First lets look at the chance of collision of two GUIDs. It is not, as other answers have stated, 1 in 2^128 (10^38) because of the birthday paradox, which means that for a 50% chance of two GUIDs colliding the probability is actually 1 in 10^64 (10^19) which is a lot smaller. However, this is still a very large number, and as such the probability of collision assuming you are using a reasonable number of GUIDs is low.

Note also that GUIDs do not contain a timestamp or the MAC address as many people also seem to believe. This was true for v1 GUIDs but now v4 GUIDs are used, which are simply a pseudo-random number which means that possibility of collision is arguably higher because they are no longer unique to a time and a machine.

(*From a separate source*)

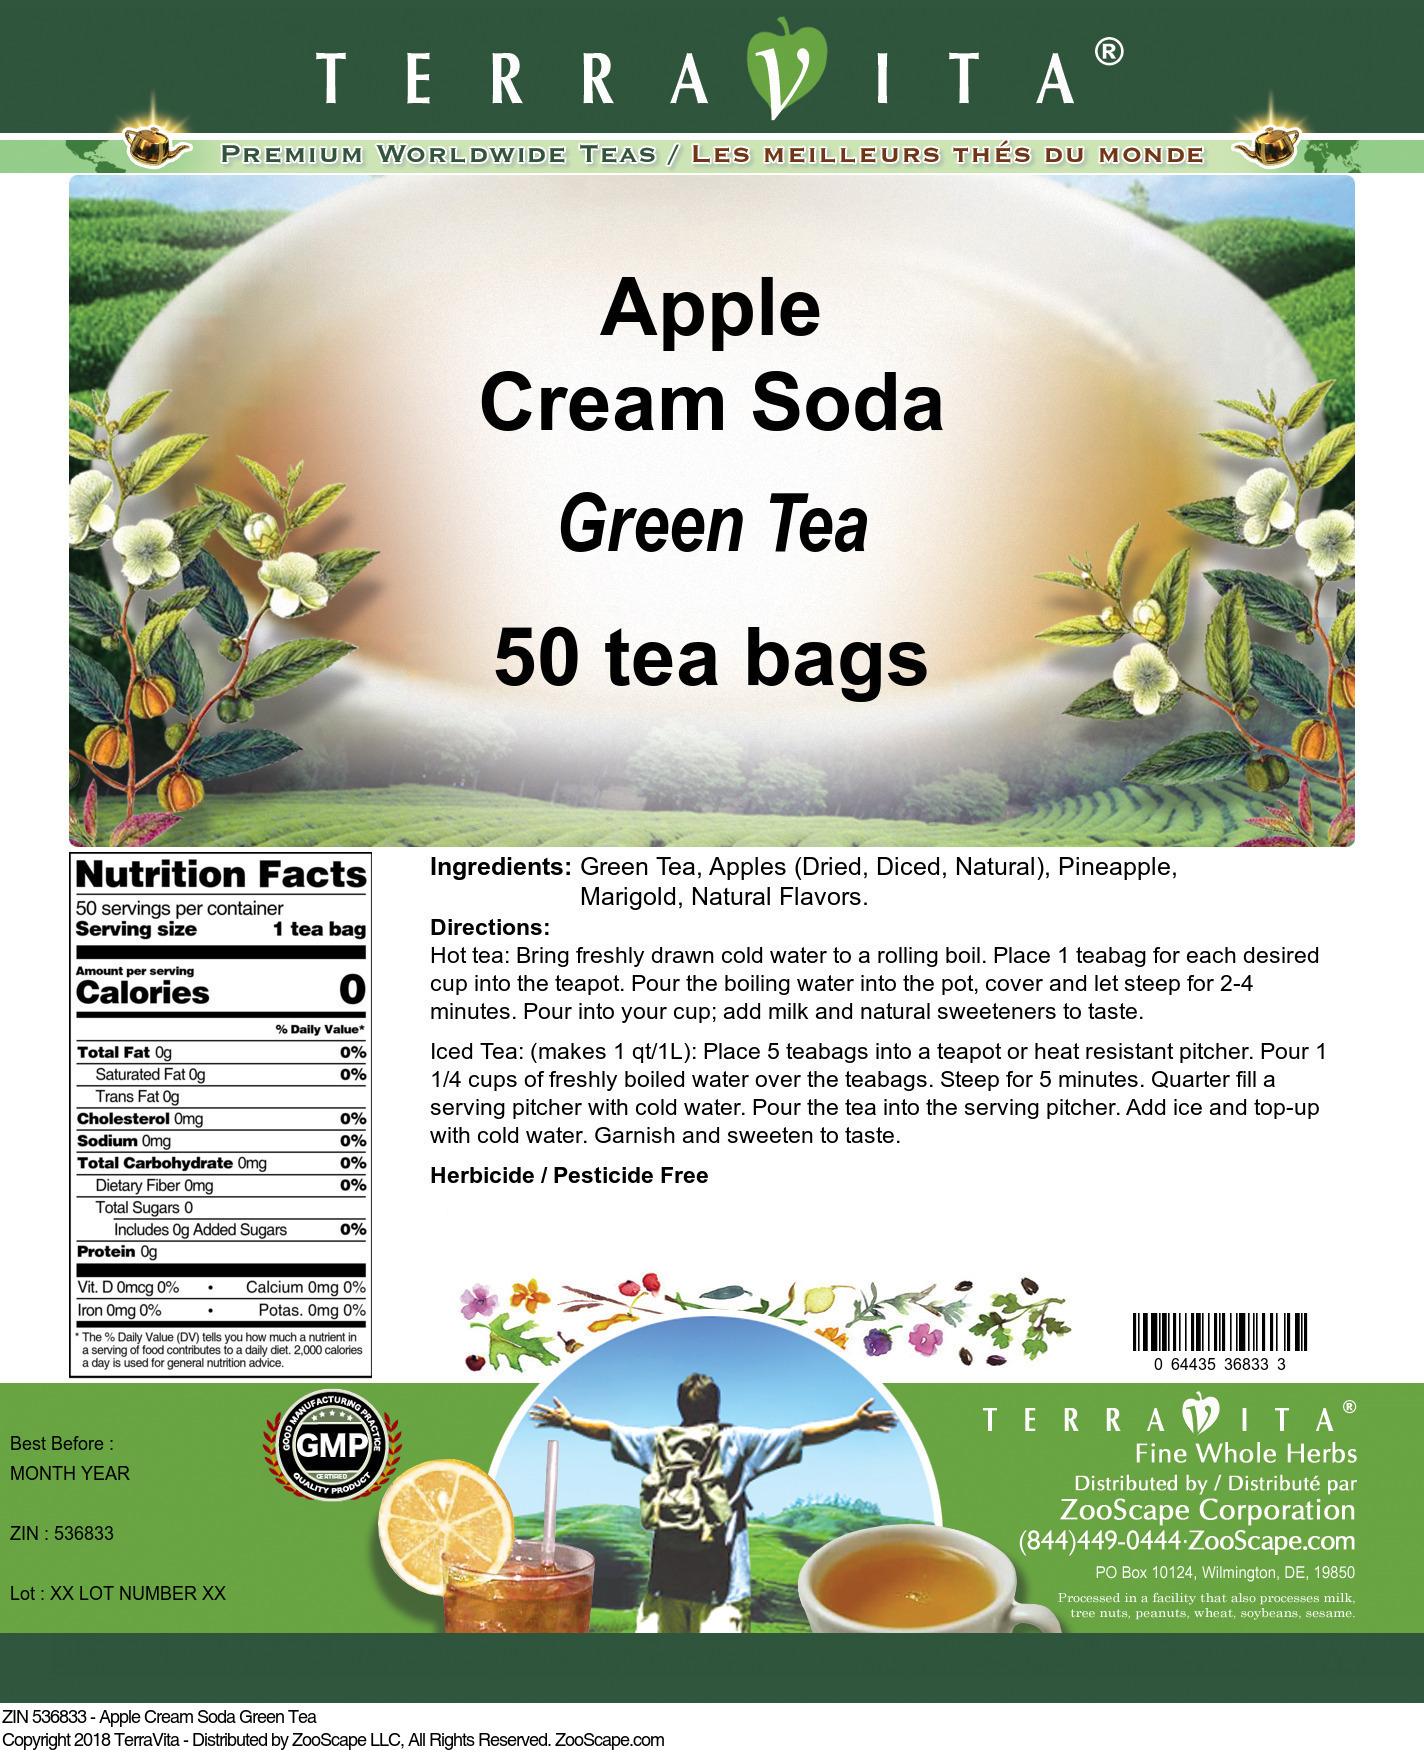 Apple Cream Soda Green Tea

So essentially the answer is yes, collisions are possible. But they are highly unlikely.

Greg Beech
While I agree with all of your facts, be careful with your math. To say that you have a 1 in 10^19 chance of any two GUIDs colliding depends on how many GUIDs are in the set. For that chance you need ~2^32 GUIDs, so in nearly all real-world scenarios the odds are much lower.
DocMax
+1 for mention of birthday paradox issue
Jimmy
+2  A: 

Two Win95 machines that have ethernet cards with duplicate MAC addresses will issue duplicate GUIDS under tightly controlled conditions.

Joshua
+1  A: 

Just for grins, try the following script... (works on SQL 2005, not sure about 2000)

declare @table table
(
    column1 uniqueidentifier default (newid()),
    column2 int,
    column3 datetime default (getdate())
)

declare @counter int

set @counter = 1

while @counter <= 10000
begin
    insert into @table (column2) values (@counter)
    set @counter = @counter + 1
end

select * from @table

select * from @table t1 join @table t2 on t1.column1 = t2.column1 and t1.column2 != t2.column2

Running this repeatedly (takes less than a second) produces a fairly wide range from the first select, even with an EXTREMELY short time gap. So far the second select hasn't produced anything.

GalacticCowboy
You need another 15 zeros at the end of the counter to have a 50% chance of a duplicate. But, for Pete's sake don't do it!
Jim Birchall
Yeah, I ran it with 100000 (one hundred thousand) and it took about a minute...
GalacticCowboy
+1  A: 

I know people like the feel-good answer that GUIDs are magical and guaranteed to be unique, but in reality, most GUIDs are just 121-bit random numbers (seven of the bits are wasted on formatting). If you wouldn't feel comfortable using a big random number, then you shouldn't feel comfortable using a GUID.

Rick Yorgason